#### [ENTRIES SHOWN]
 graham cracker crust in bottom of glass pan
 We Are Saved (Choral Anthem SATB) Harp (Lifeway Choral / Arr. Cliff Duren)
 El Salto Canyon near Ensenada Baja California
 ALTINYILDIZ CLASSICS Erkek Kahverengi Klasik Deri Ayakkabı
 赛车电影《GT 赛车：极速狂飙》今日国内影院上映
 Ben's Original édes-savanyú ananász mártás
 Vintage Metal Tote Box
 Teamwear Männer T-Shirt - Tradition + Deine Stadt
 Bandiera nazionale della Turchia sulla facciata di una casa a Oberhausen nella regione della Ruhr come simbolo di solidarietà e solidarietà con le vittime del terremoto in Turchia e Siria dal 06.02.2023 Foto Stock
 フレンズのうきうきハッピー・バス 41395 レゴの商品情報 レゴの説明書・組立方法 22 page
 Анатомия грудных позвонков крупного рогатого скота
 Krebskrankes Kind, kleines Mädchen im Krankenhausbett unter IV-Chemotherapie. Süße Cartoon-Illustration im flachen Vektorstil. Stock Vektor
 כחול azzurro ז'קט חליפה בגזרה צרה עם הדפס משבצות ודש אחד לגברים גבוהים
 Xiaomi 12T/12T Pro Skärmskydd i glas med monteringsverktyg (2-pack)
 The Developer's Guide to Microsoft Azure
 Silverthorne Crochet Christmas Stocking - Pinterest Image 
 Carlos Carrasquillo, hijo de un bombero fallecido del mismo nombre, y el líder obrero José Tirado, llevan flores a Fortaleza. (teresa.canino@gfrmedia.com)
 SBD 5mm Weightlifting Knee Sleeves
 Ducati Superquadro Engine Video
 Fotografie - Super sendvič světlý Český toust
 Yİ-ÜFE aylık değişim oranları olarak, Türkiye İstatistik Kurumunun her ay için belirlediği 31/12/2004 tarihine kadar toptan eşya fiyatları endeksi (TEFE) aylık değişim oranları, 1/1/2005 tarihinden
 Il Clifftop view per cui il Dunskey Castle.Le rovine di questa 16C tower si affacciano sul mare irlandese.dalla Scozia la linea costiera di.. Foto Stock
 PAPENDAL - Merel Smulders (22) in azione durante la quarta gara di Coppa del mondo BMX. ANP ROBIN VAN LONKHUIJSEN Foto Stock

#### [WORK TASK]
Extract the listing in its entirety, matching it exactly.

#### [SOLUTION FOR THIS PROBLEM]
 graham cracker crust in bottom of glass pan
 We Are Saved (Choral Anthem SATB) Harp (Lifeway Choral / Arr. Cliff Duren)
 El Salto Canyon near Ensenada Baja California
 ALTINYILDIZ CLASSICS Erkek Kahverengi Klasik Deri Ayakkabı
 赛车电影《GT 赛车：极速狂飙》今日国内影院上映
 Ben's Original édes-savanyú ananász mártás
 Vintage Metal Tote Box
 Teamwear Männer T-Shirt - Tradition + Deine Stadt
 Bandiera nazionale della Turchia sulla facciata di una casa a Oberhausen nella regione della Ruhr come simbolo di solidarietà e solidarietà con le vittime del terremoto in Turchia e Siria dal 06.02.2023 Foto Stock
 フレンズのうきうきハッピー・バス 41395 レゴの商品情報 レゴの説明書・組立方法 22 page
 Анатомия грудных позвонков крупного рогатого скота
 Krebskrankes Kind, kleines Mädchen im Krankenhausbett unter IV-Chemotherapie. Süße Cartoon-Illustration im flachen Vektorstil. Stock Vektor
 כחול azzurro ז'קט חליפה בגזרה צרה עם הדפס משבצות ודש אחד לגברים גבוהים
 Xiaomi 12T/12T Pro Skärmskydd i glas med monteringsverktyg (2-pack)
 The Developer's Guide to Microsoft Azure
 Silverthorne Crochet Christmas Stocking - Pinterest Image 
 Carlos Carrasquillo, hijo de un bombero fallecido del mismo nombre, y el líder obrero José Tirado, llevan flores a Fortaleza. (teresa.canino@gfrmedia.com)
 SBD 5mm Weightlifting Knee Sleeves
 Ducati Superquadro Engine Video
 Fotografie - Super sendvič světlý Český toust
 Yİ-ÜFE aylık değişim oranları olarak, Türkiye İstatistik Kurumunun her ay için belirlediği 31/12/2004 tarihine kadar toptan eşya fiyatları endeksi (TEFE) aylık değişim oranları, 1/1/2005 tarihinden
 Il Clifftop view per cui il Dunskey Castle.Le rovine di questa 16C tower si affacciano sul mare irlandese.dalla Scozia la linea costiera di.. Foto Stock
 PAPENDAL - Merel Smulders (22) in azione durante la quarta gara di Coppa del mondo BMX. ANP ROBIN VAN LONKHUIJSEN Foto Stock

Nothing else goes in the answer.